Individually we see things one way. Individually we are great, valuable, and important. Individually we matter and can accomplish great things. When we get married though, we can see a more complete and comprehensive view of things. Together we are powerful and can accomplish even more. Together, we are a force to be reckoned with.

It’s not that being single is bad, wrong, or insufficient. It’s just that marriage does bring about this whole new layer to what we see, perceive, and can achieve. Just as each eye is completely capable of observing an object correctly, as individuals we are fully functioning and capable. Yet, it’s when we open that other eye that we are able to view more dimensions to what we’re looking at. In marriage, when we bring two different perspectives together, we see a whole new set of layers, facets, and depth.

What’s interesting is the concept of our blind spot. Each eye has a very small gap in its visual field. Why don’t we notice it? Because each of our eyes also has a visual field that overlaps with the other to compensate for that gap. Our brain is “very efficient at using the information from the other eye and other spatial information to “fill in” missing information. Your brain continually makes its best guess as to what is missing.”

I think the same is true for us as individuals. We have “blind spots.” These blind spots are areas of our lives where we may be struggling, lacking awareness, or just not very skilled, inclined, or talented in. They are a sort of gap in our abilities.

Filling in the Gaps

One of the many wonderful things about marriage is that as a couple we often compensate for the other person’s blind spots. We fill in each other’s gaps. Our abilities, talents, interests, and strengths overlap one another making us more effective and stronger.

Blind Spots

Living in Southern California with my family all back east, I have discovered just how much my husband and I have really adapted this is concept of overlapping and filling in one another’s gaps. Often times he can’t make the trip back home with me, so I go alone, and it amazes me how dependent I have become on him. We have delegated responsibilities and duties to one another to complete the picture, so when I’m not with him, I feel like the walking wounded in a lot of ways.

For example, Steve usually does the driving when we’re together. He enjoys being the one behind the wheel, and since he’s usually better with knowing where he’s going anyway, I’m content in my passenger seat. When I go home though, I find myself waiting by the passenger side door sometimes when I’m the one supposed to drive. It always makes me chuckle and smile to see just how much our lives have become intertwined over the years.

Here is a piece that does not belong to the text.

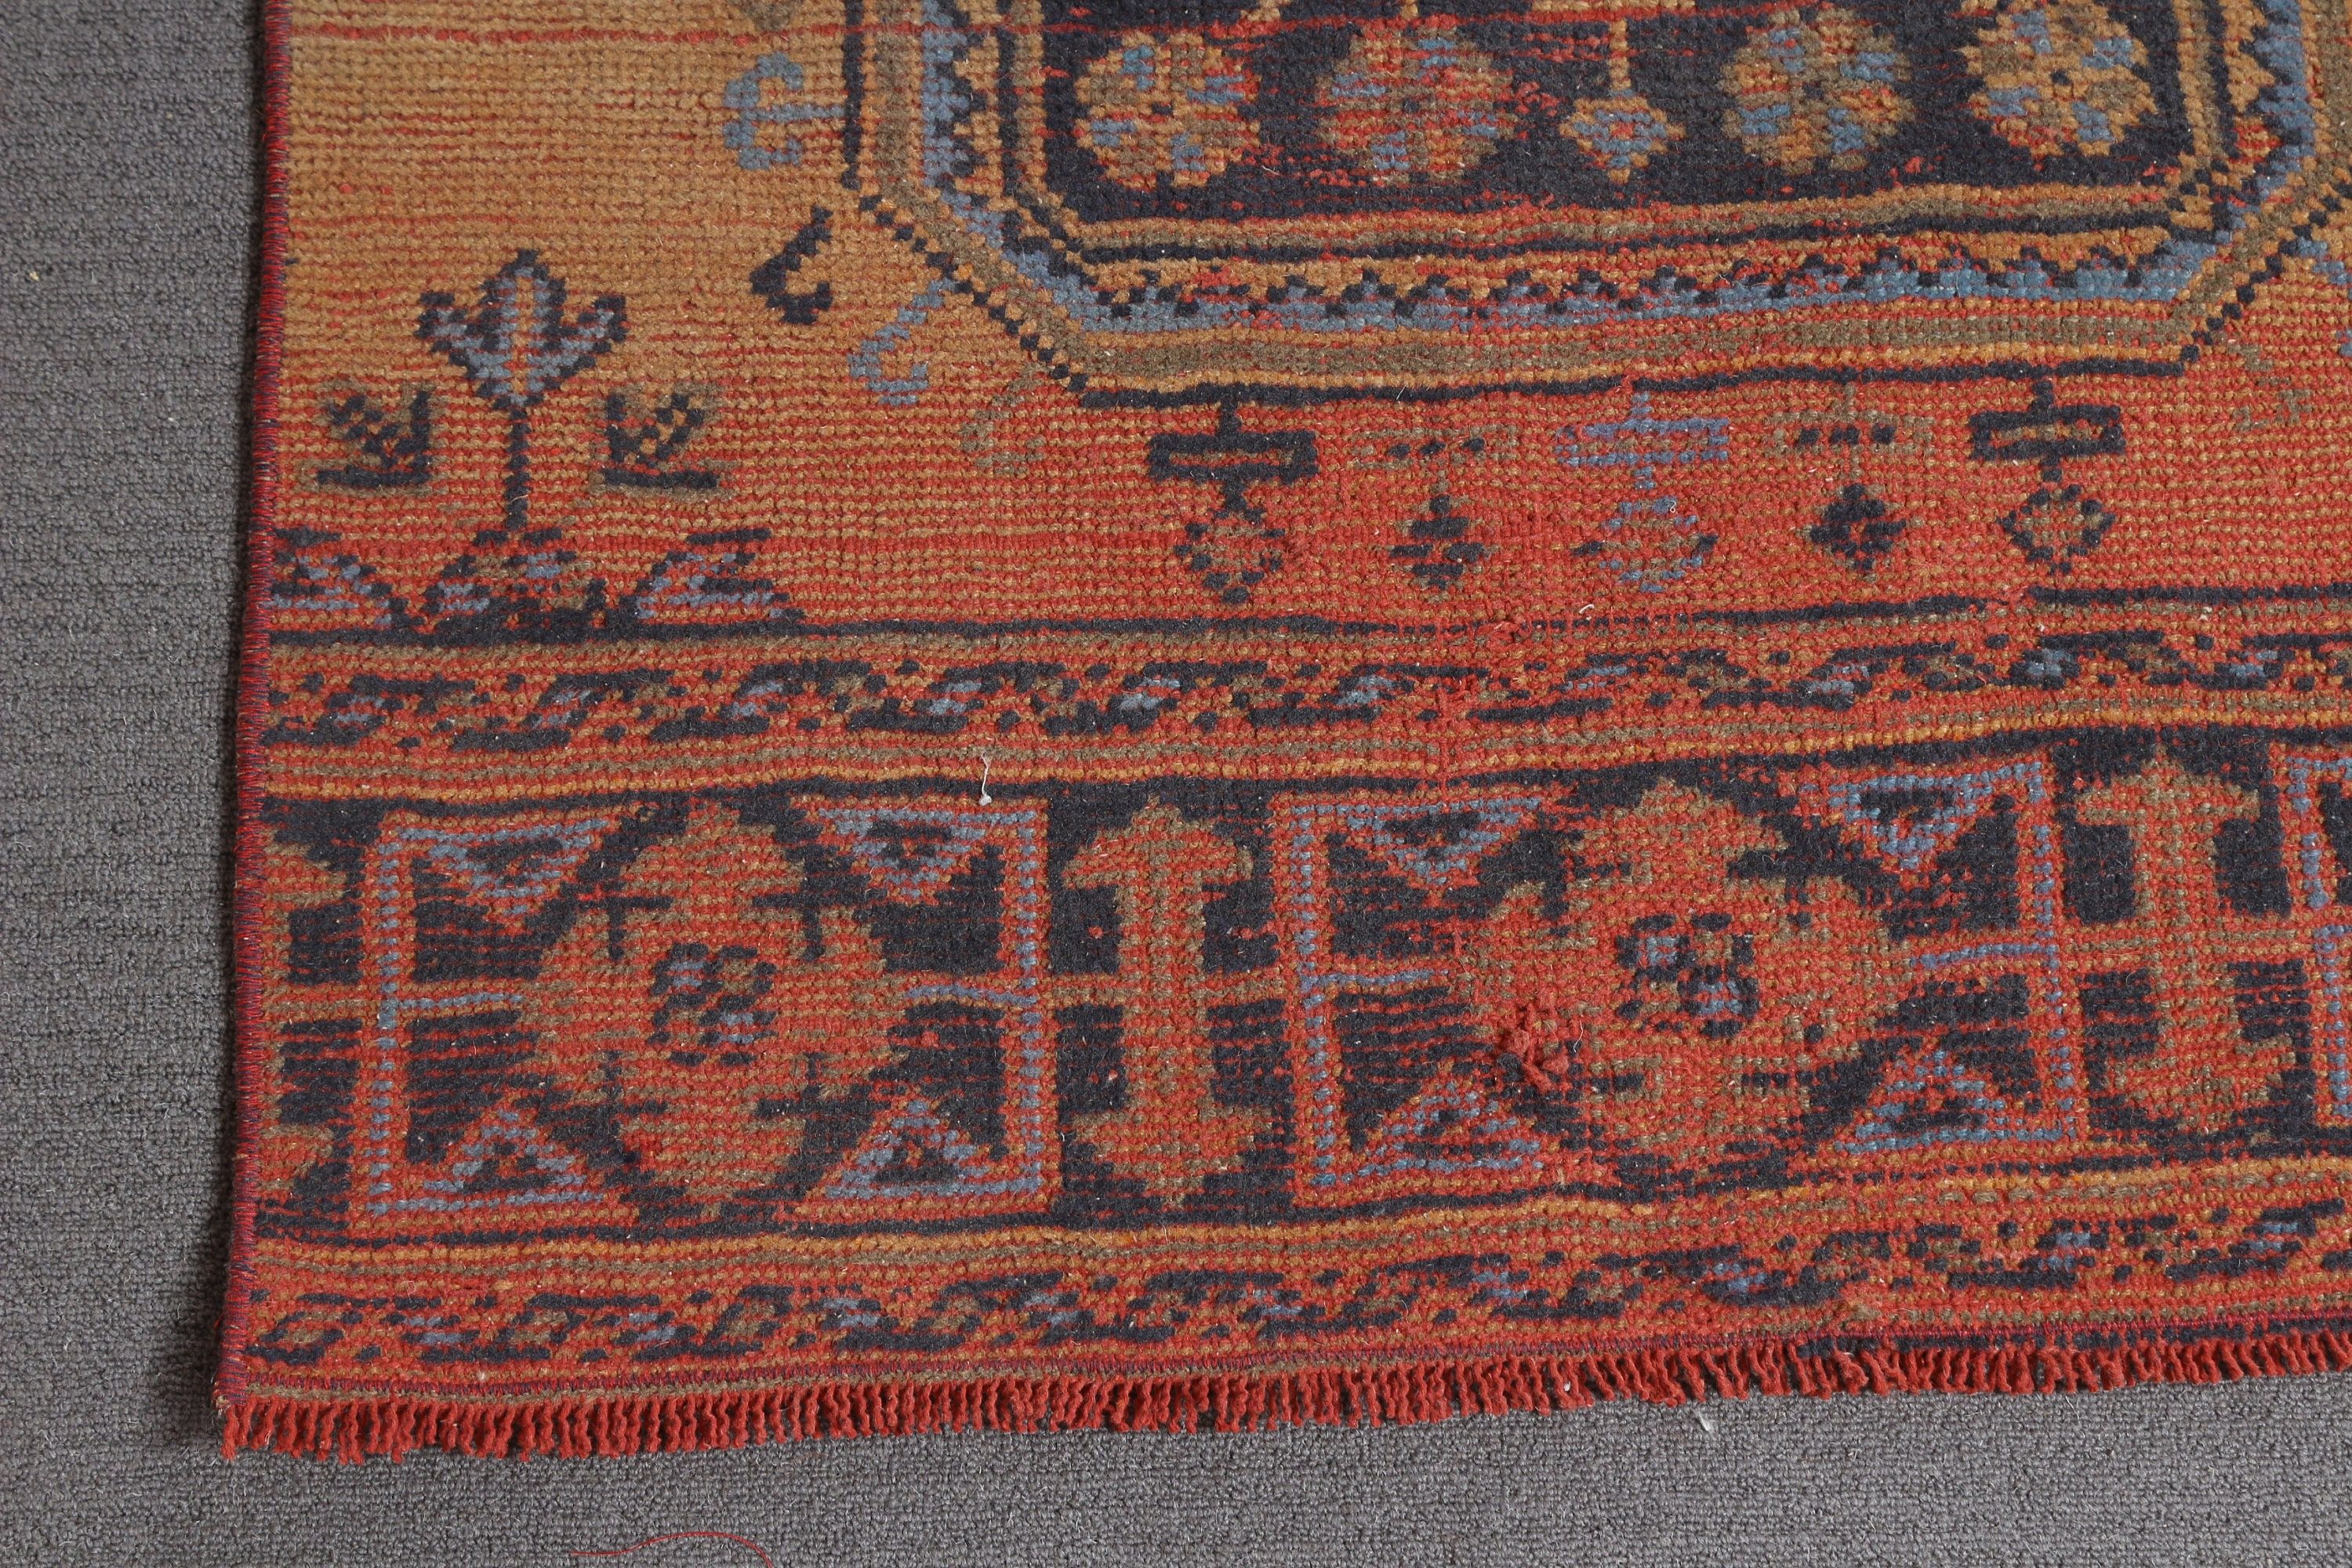 Vintage Rug, Turkish Rug, Hallway Rug, Rugs for Hallway, 2.9x11.5 ft Runner Rug, Kitchen Rugs, Pink Floor Rugs, Bohemian Rug, Oriental Rugs

On a more important note though, Steve has shown me other more important blind spots in my life. I didn’t realize just how independent I was before I met him. I was used to being the one others relied on, came to for advice or help, and looked to fix, solve, or resolve things. Being the “go to” person for others has always been my role, and over the years, I’ve learned to silence my own needs, emotions, and ability to receive from others. When we started dating, Steve immediately picked up on this, and slowly but surely he has taught me that it’s ok to ask for help, to have wants and desires, and to be on the receiving end of blessings. He’s also given me a safe place to be vulnerable and to open up in ways I just never did before. As a result, I have learned so much about myself and have grown tremendously.

Steve has also had a lot of similar experiences where I’ve been able to point out some of his blind spots. Now having the ability to see areas of growth he couldn’t before, together we have worked on and through them. It’s beautiful to see us grow as individuals because of our growth together.

Beyond Us

Being married also opens our eyes to the blind spots of those around us. Together we can identify the needs that exist in our families, friends, and community and then work as a team to do something about it. Together we can help each other identify our strengths, talents, and passions to make a difference in this world and pursue God’s plans and purpose for our lives. Whereas we might not have seen those areas of need or our ability to impact, our spouse can help point those out and encourage us to reach out in ways we never would have otherwise.

Perspective on Problems

Furthermore, when an issue arises whether it’s an individual, marital, or any other kind of problem, we’re able to come at it from two different directions. We combine our thoughts and perspectives to get a more thorough take on what’s happening and what can be done about it. It helps to tackle something when we see all the angles.

Granted our differing perspectives can sometimes cause a bit of dissonance at first, but when we’re willing to actually put our heads together, we are much better off. Together we can see all the layers and angles to the problem as well as their potential solutions. Two people can usually brainstorm a lot more solutions than just one person can, and then collectively you can put your heads together to execute the right plan of attack for the problem.

Having a spouse is like opening both eyes up. You can see things so much more clearly. Suddenly there are dimensions and layers visible to ourselves and the world that were previously hidden. Our spouse helps compensate for our blind spots, and together, we are stronger, wiser, and all around better for it. Together we can see the complete, bigger picture like two eyes wide open.